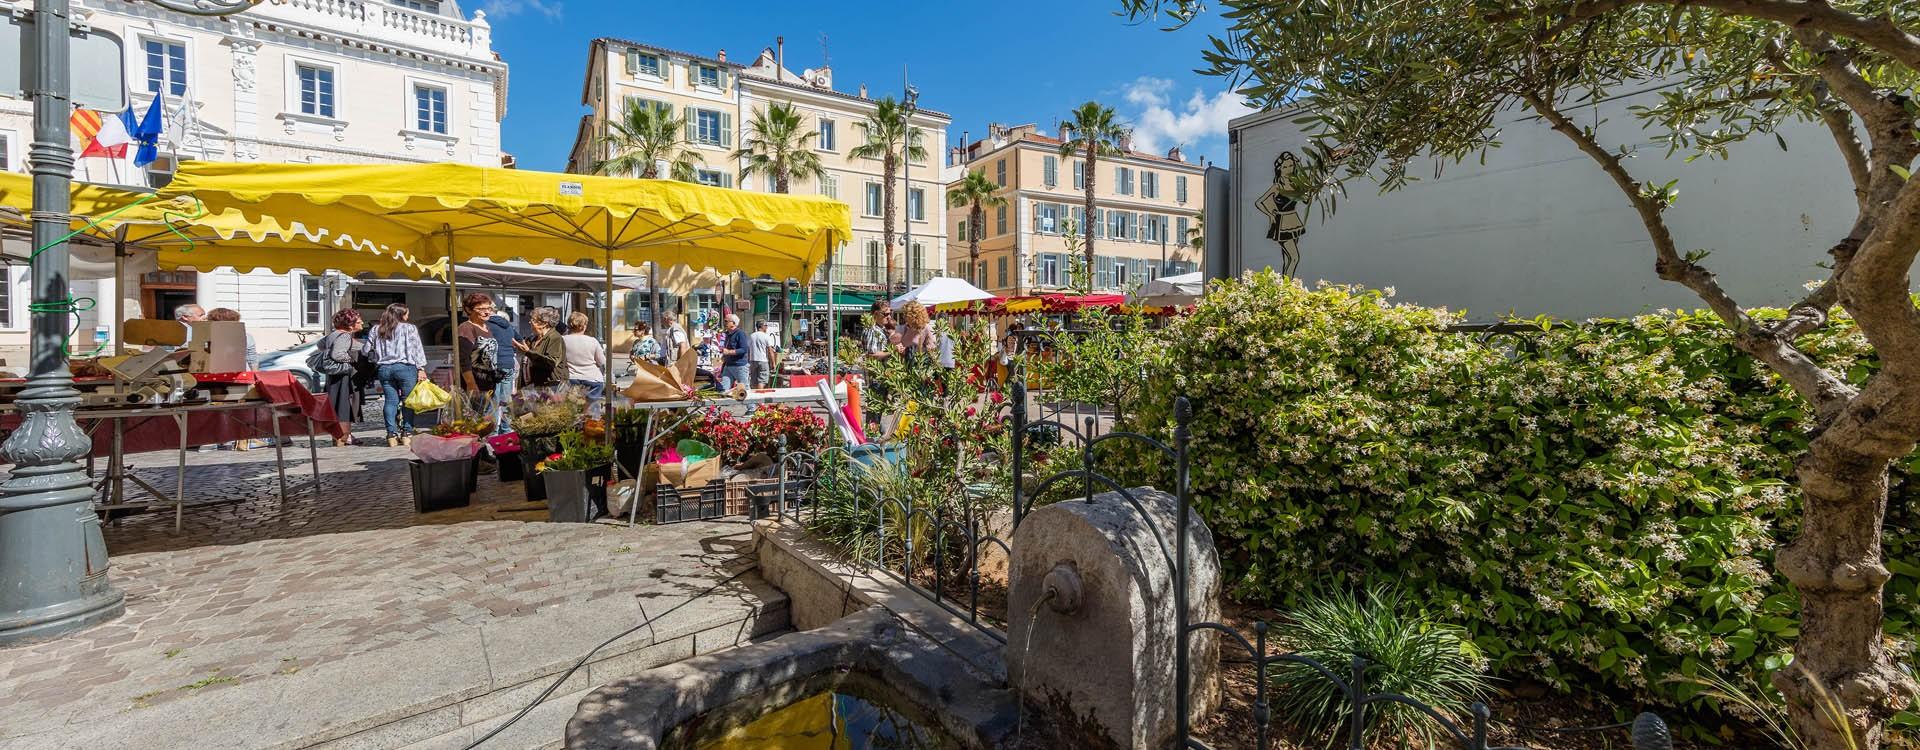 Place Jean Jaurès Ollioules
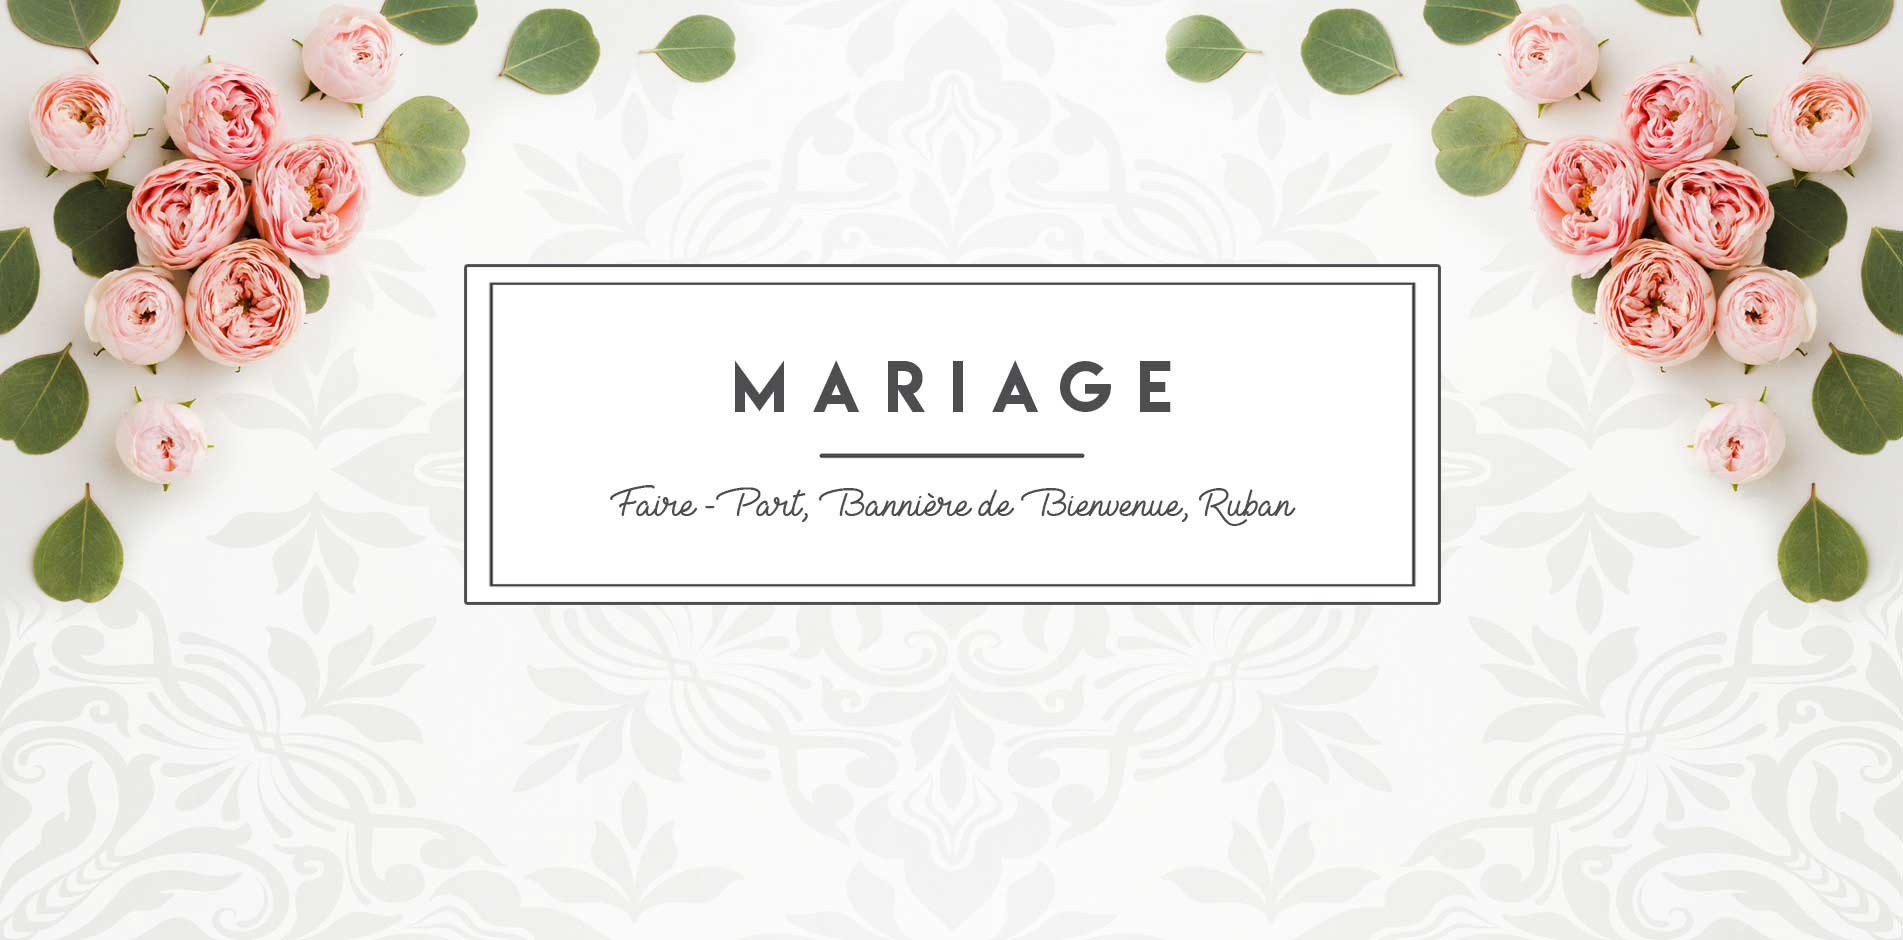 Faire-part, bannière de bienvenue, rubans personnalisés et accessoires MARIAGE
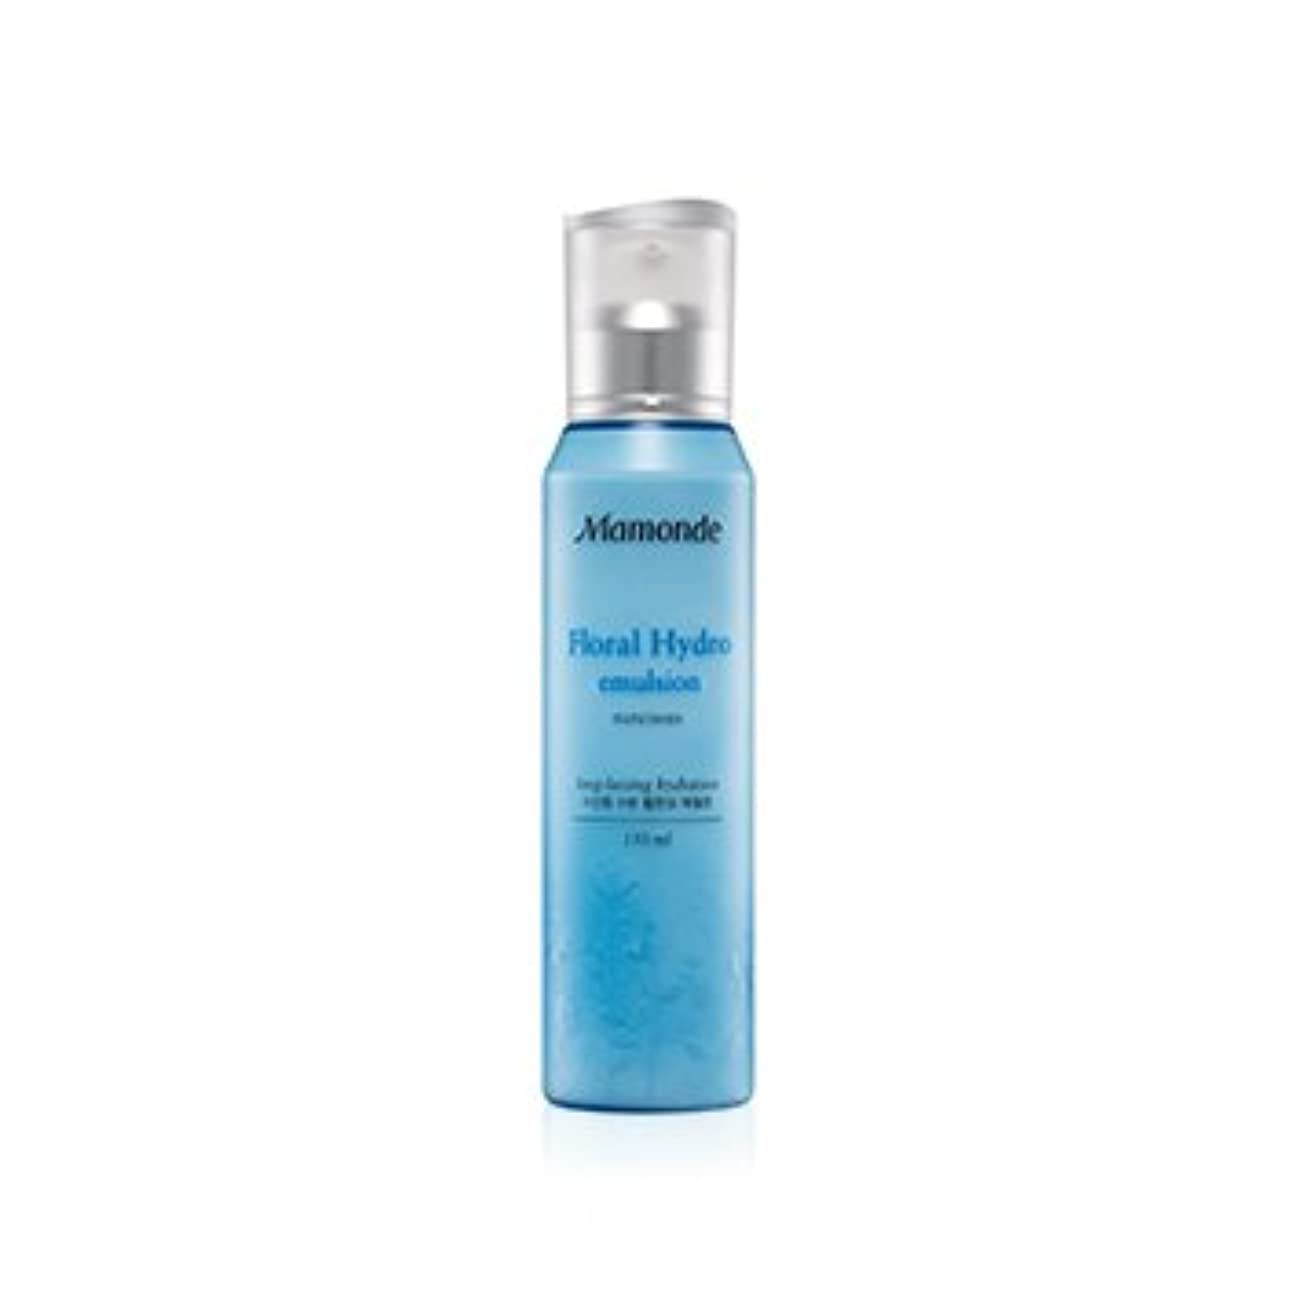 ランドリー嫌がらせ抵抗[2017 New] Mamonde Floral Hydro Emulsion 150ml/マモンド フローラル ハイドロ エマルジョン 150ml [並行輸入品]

^^^^^^^^^^^^^^^^

__EXERCISE INSTRUCTIONS__:
Retype each line above exactly and leave out any picture.

__TASK SOLUTION__:
 Place Jean Jaurès Ollioules
 Faire-part, bannière de bienvenue, rubans personnalisés et accessoires MARIAGE
 ランドリー嫌がらせ抵抗[2017 New] Mamonde Floral Hydro Emulsion 150ml/マモンド フローラル ハイドロ エマルジョン 150ml [並行輸入品]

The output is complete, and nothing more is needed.